Залежавшийся на ней румяный кружевной блин взлетел вверх, перевернулся в воздухе и нарядной тюбетейкой накрыл блестящую загорелую лысину Куропаткина. Гоша взвыл, сорвал с головы горячий блинный чепец и швырнул его в Марину. Баба ловко отбила подачу сковородкой, и потрепанный блин комом влип в Гошину волосатую грудь. Гоша взвыл октавой выше и принялся выдирать свою нагрудную шерсть вперемежку с лохмотьями теста, выкрикивая в адрес супруги разные нехорошие слова. Марина не оставалась в долгу, поливая мужа отборной бранью.
– Придурки, – устало сказала я, уходя с балкона в комнату и плотно прикрывая двойную дверь.
В помещении было жарковато, зато тихо. Ну, почти тихо: в прихожей надрывался телефон, истеричный звон которого после Марининого матерного визга казался мне нежным мурлыканьем. Наверное, аппарат трезвонил уже довольно давно, я просто не слышала его, стоя на балконе.
– Ну, наконец-то! – с претензией воскликнул писклявый детский голосок, едва я взяла трубку и раздраженно «аллекнула» в нее.
– Слушаю вас, – сказала я.
– «Слушаю вас!» – передразнил меня Писклявый. – Слушай сюда, корова глупая! Сестричку свою увидеть хочешь?
– Ой, нет, не хочу! – само собой сорвалось с моих губ. – Во всяком случае, не так скоро! Моя вполне взрослая младшая сестра и ее поразительно энергичный пятилетний сын гостили у меня только на прошлой неделе. Сестрица беспрестанно смотрела телевизор, в рекламные паузы бегала на кухню пить чай, потом на балкон – курить, потом в ванную – чистить зубы, а ребенок носился и скакал по дому, как лабораторный шимпанзе, получивший неожиданную амнистию после пары лет безвылазного пребывания в тесной клетке. Сестричка и племянник вызывали у меня стойкое головокружение. Я не могла ни пересчитать снующих по дому женщин и детей, ни уследить за их перемещениями. У меня даже возникло подозрение, а не клонировали ли любимые родственники себя прежде, чем приехать ко мне в гости?

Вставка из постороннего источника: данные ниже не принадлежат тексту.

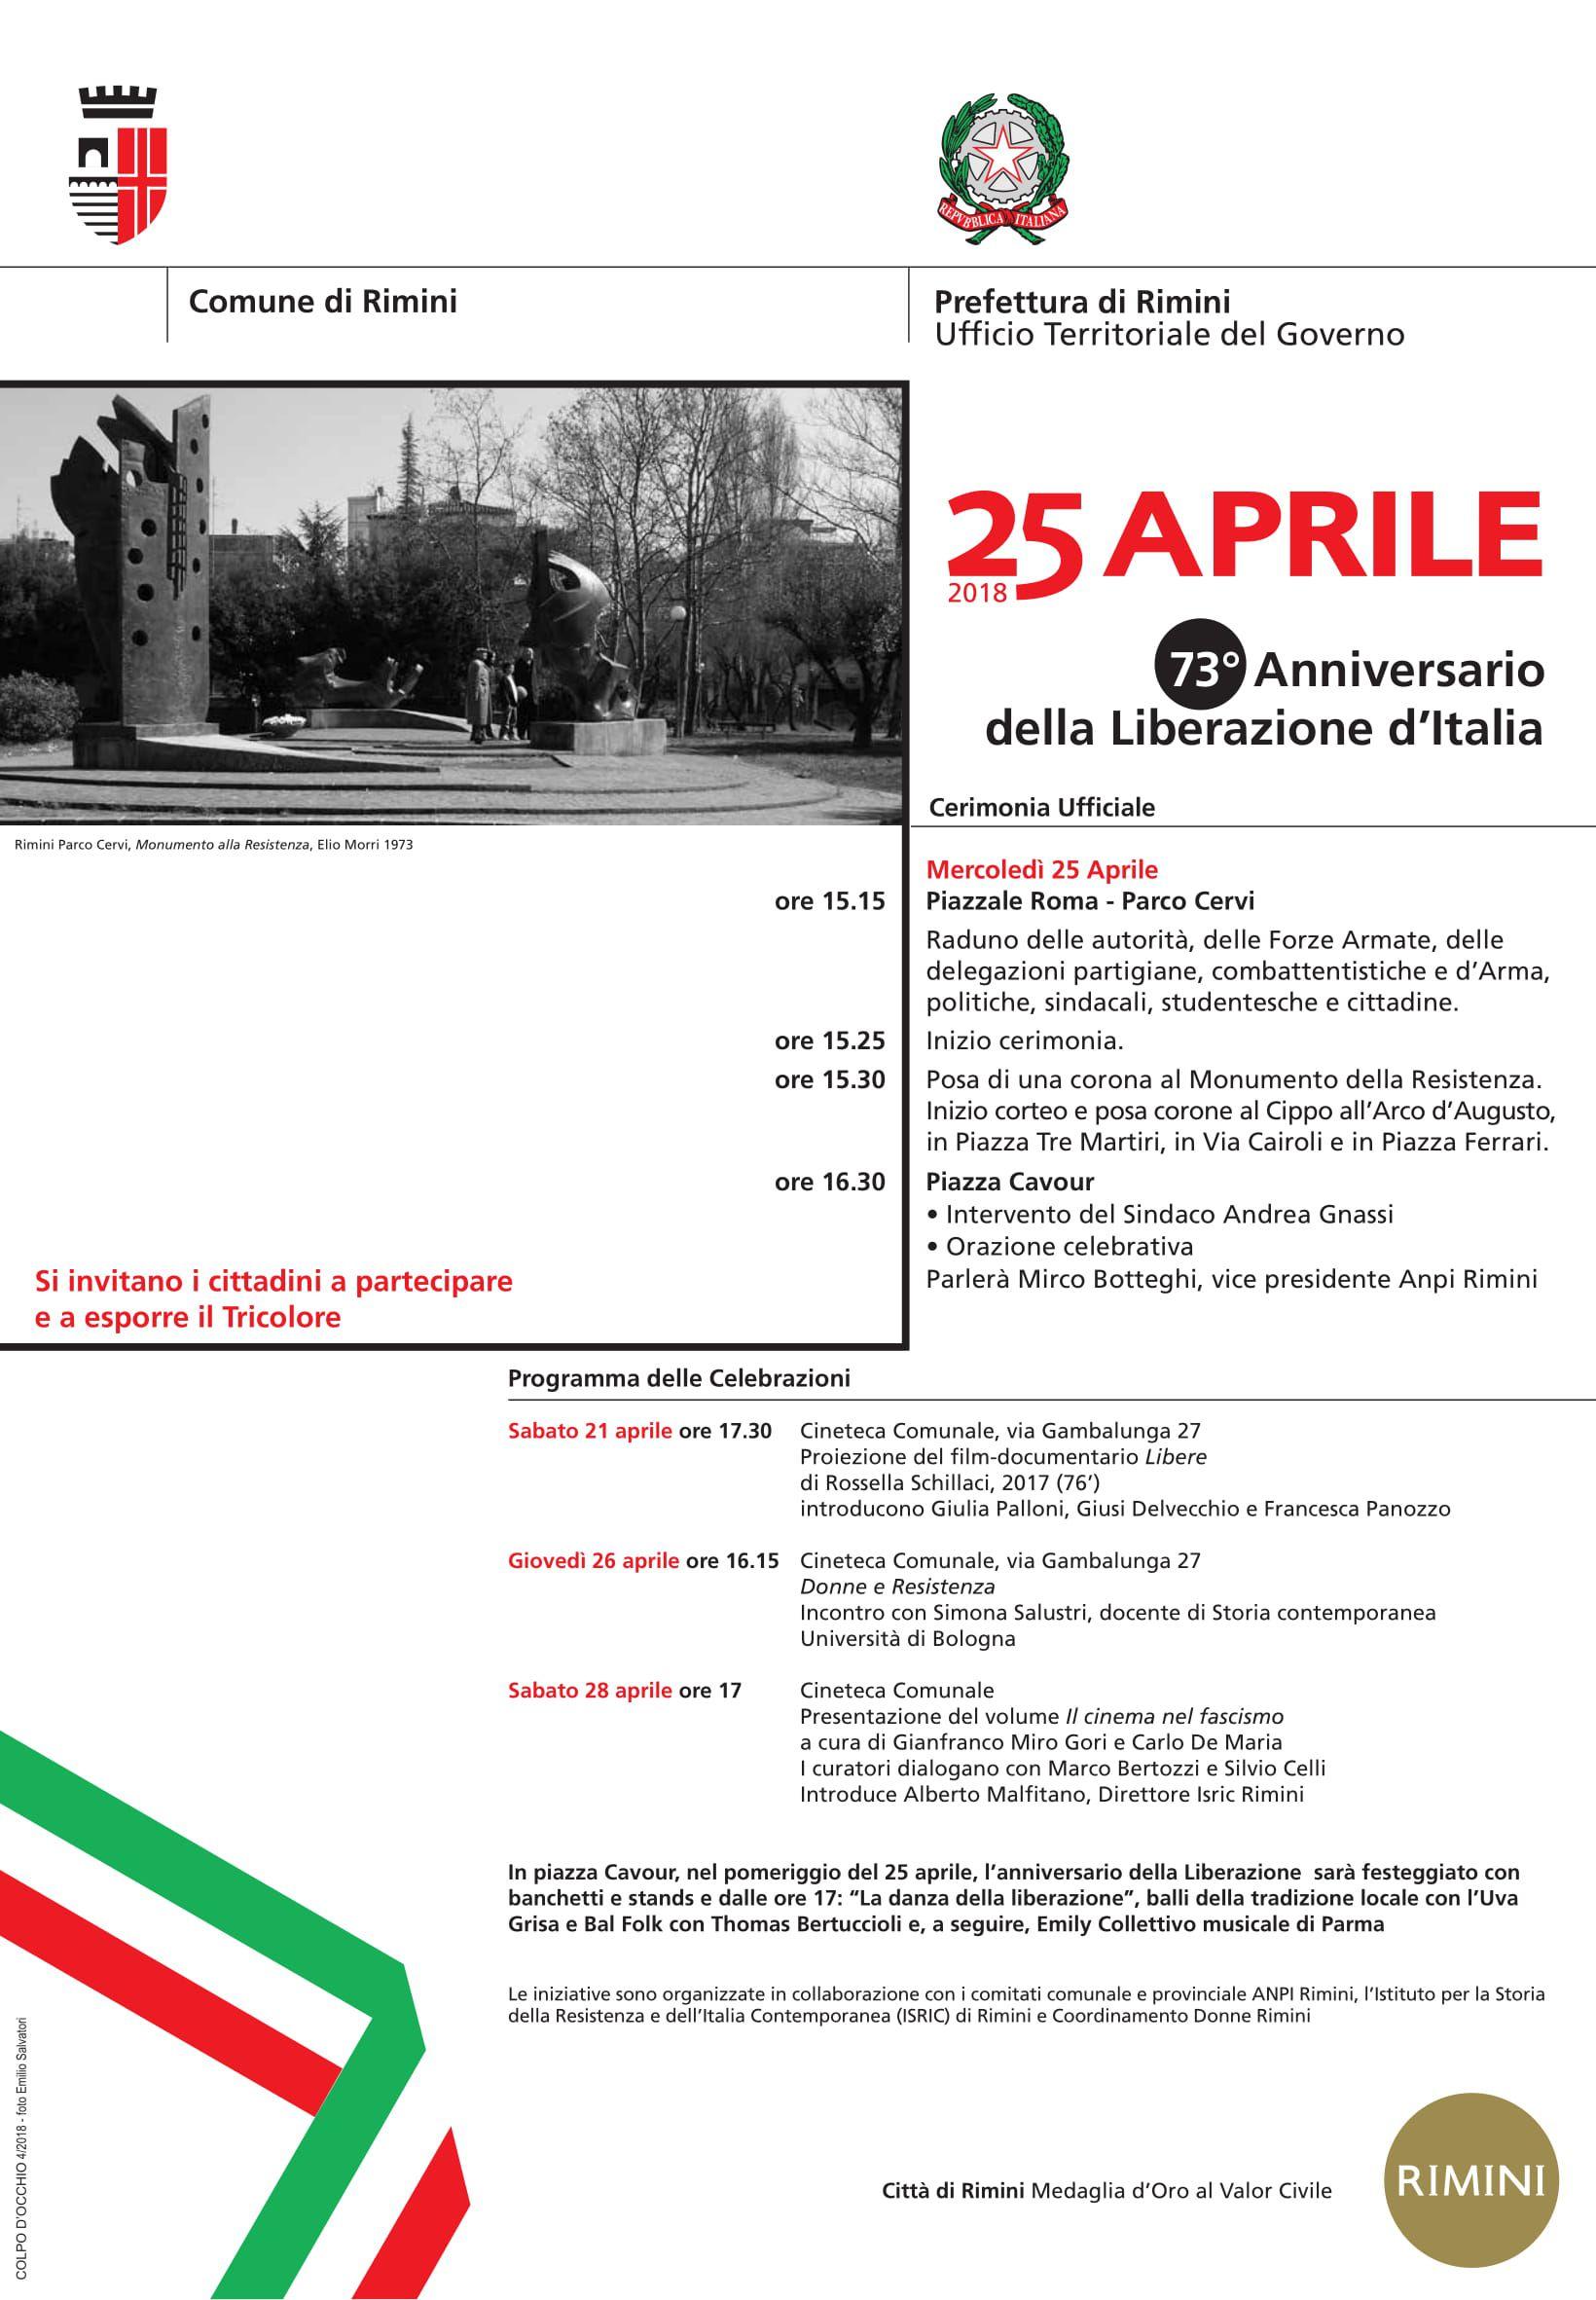 Celebrazione del 25 Aprile - 73°Anniversario della Liberazione
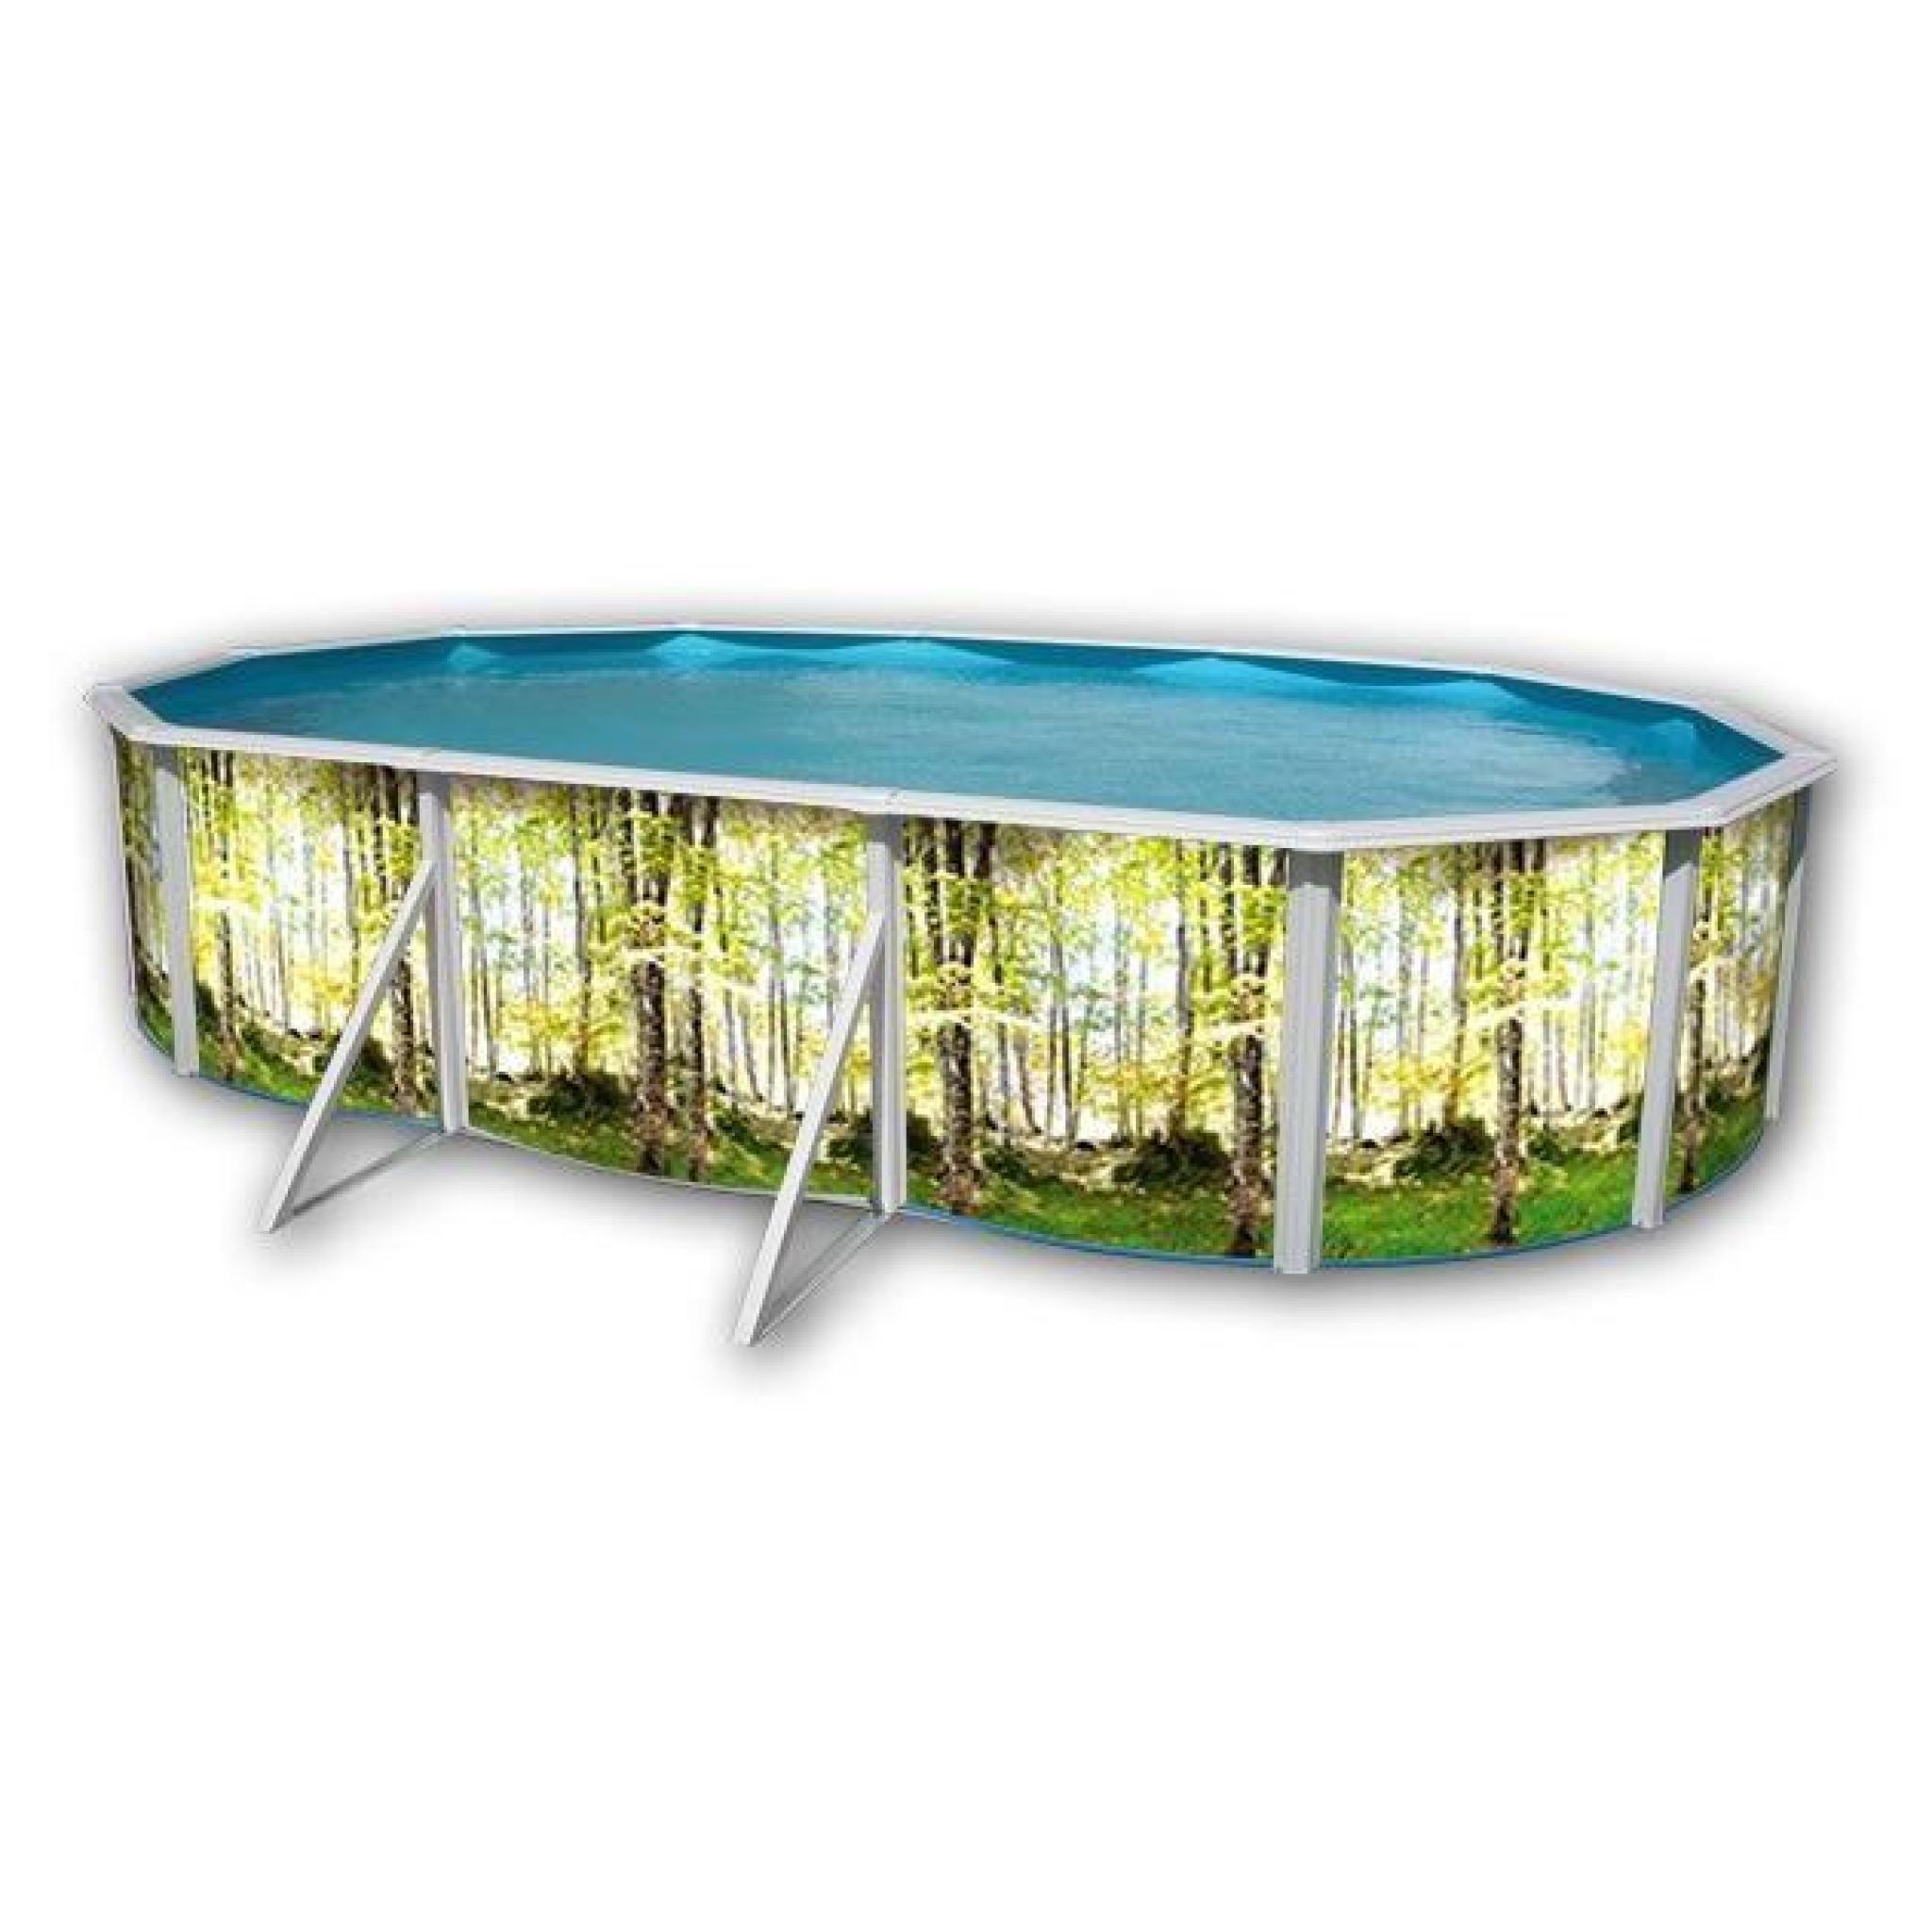 For t piscine en acier ovale 550x366x120 achat vente for Piscine en acier hors sol pas cher

– Не понял? – растерялся Писклявый, явно не ожидавший обнаружить у меня такое вопиющее отсутствие родственных чувств. – Это Елена?
– Я-то Елена, а вы кто будете? – спросила я, уже немного сердясь.
– Не твое собачье дело! – нагло возвестил Писклявый. И тут же начал хвастать: – Мы очень серьезные люди! С нами лучше не ссориться! Хочешь увидеть Ирину Максимову живой – делай, что скажем!
– Максимову? – удивилась я. – Это Ирку, что ли?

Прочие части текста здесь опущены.